• Exercise prompt: Pictures are to be left out, and only the lines from the one containing "Jan Saudek provokatív" through the last line of the data are to be returned exactly.

• Available data:

★ ★ ★

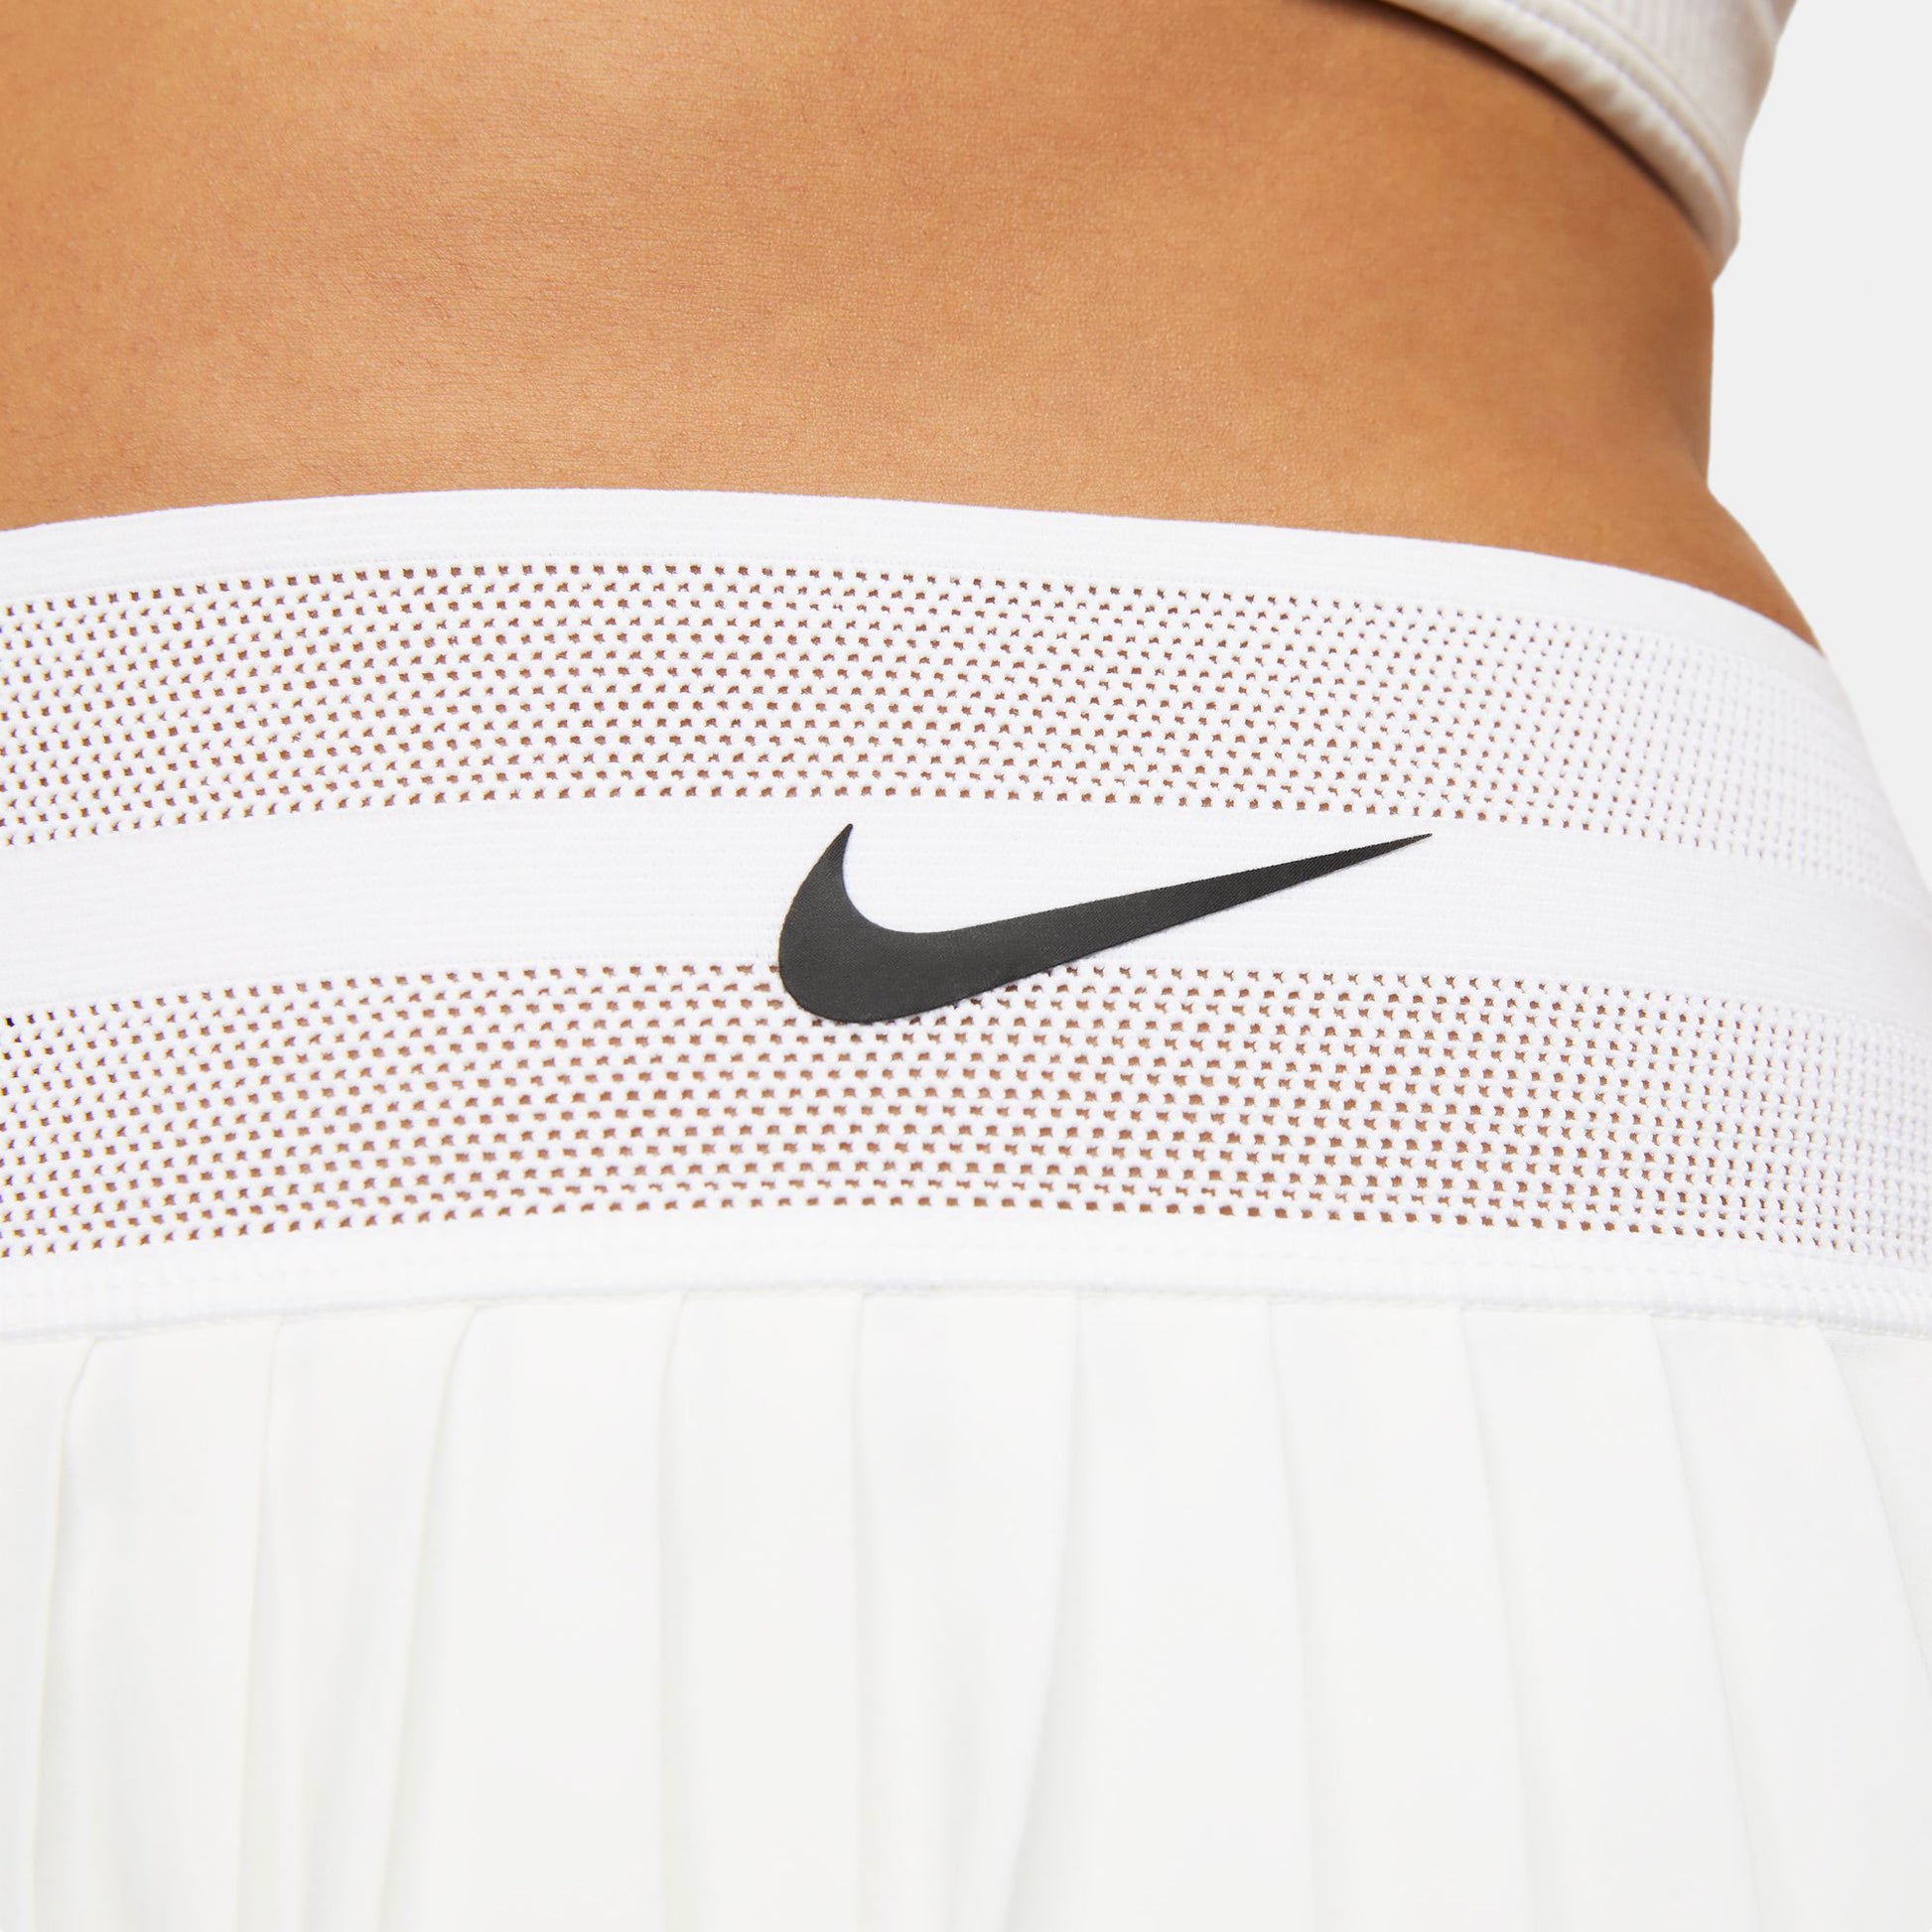 NikeCourt Dri-FIT Slam London Women's Tennis Skirt White (4)
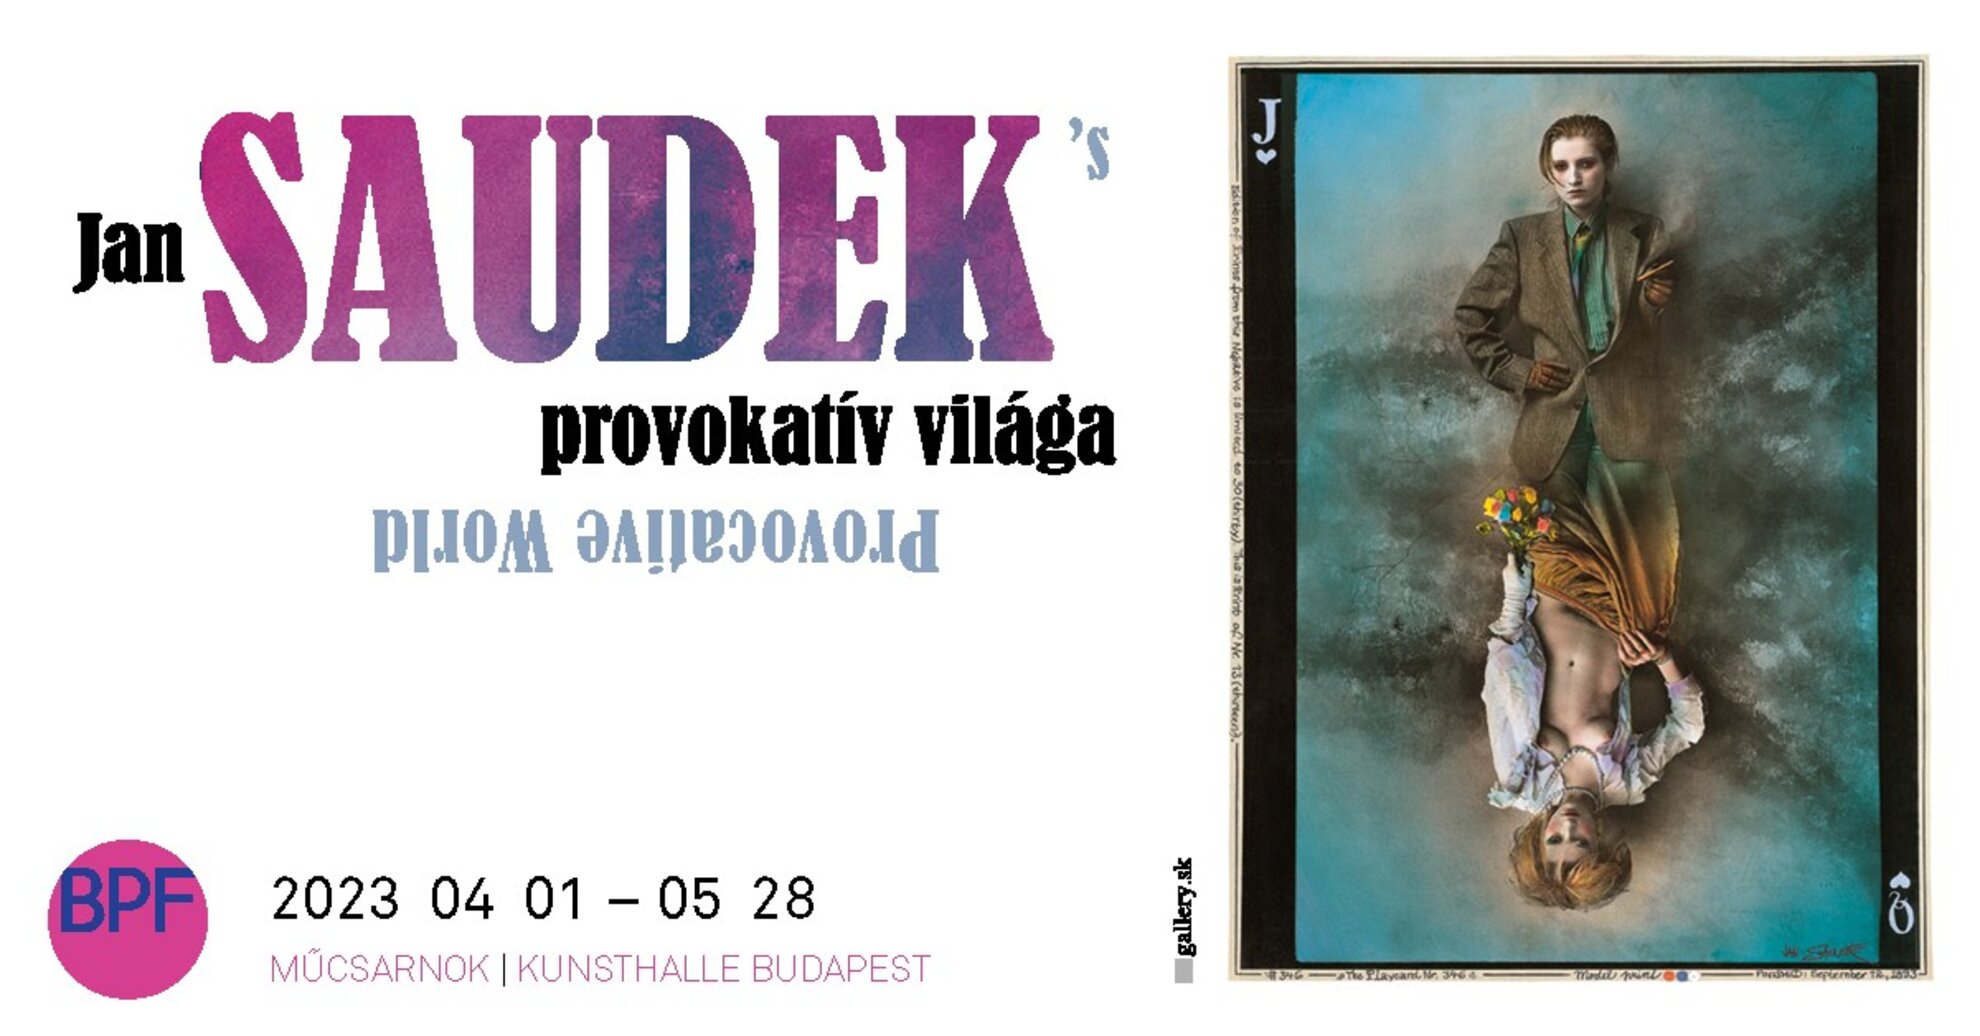 Jan Saudek provokatív világa – a Budapest Fotófesztivál nyitókiállítása
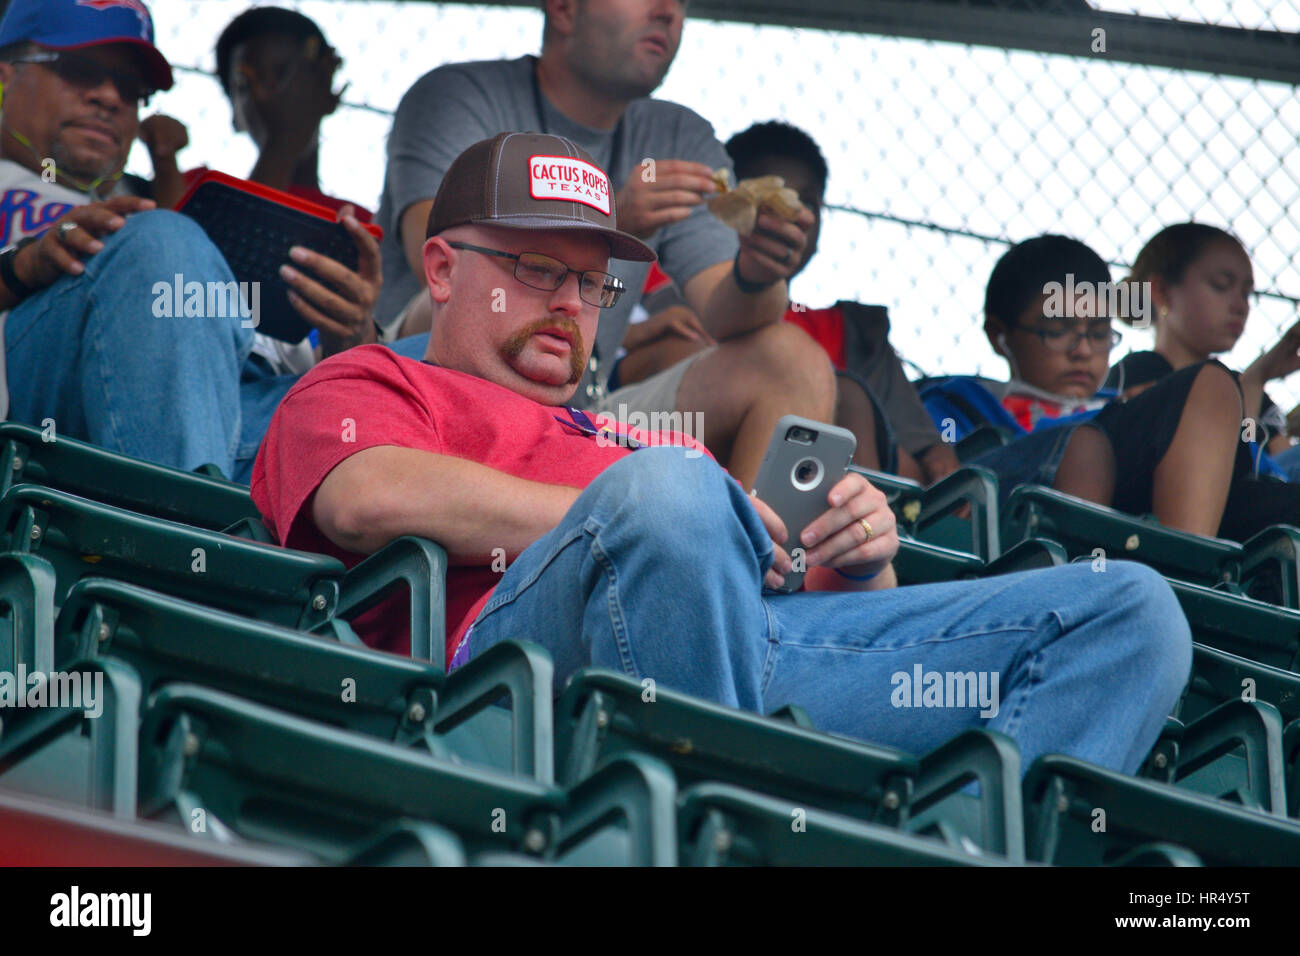 Ein Mann bei einem sportlichen Ereignis SMS auf seinem Handy anstatt das Spiel beobachten. Stockfoto

★ ★ ★

• Task result:
 Jan Saudek provokatív világa – a Budapest Fotófesztivál nyitókiállítása
 Ein Mann bei einem sportlichen Ereignis SMS auf seinem Handy anstatt das Spiel beobachten. Stockfoto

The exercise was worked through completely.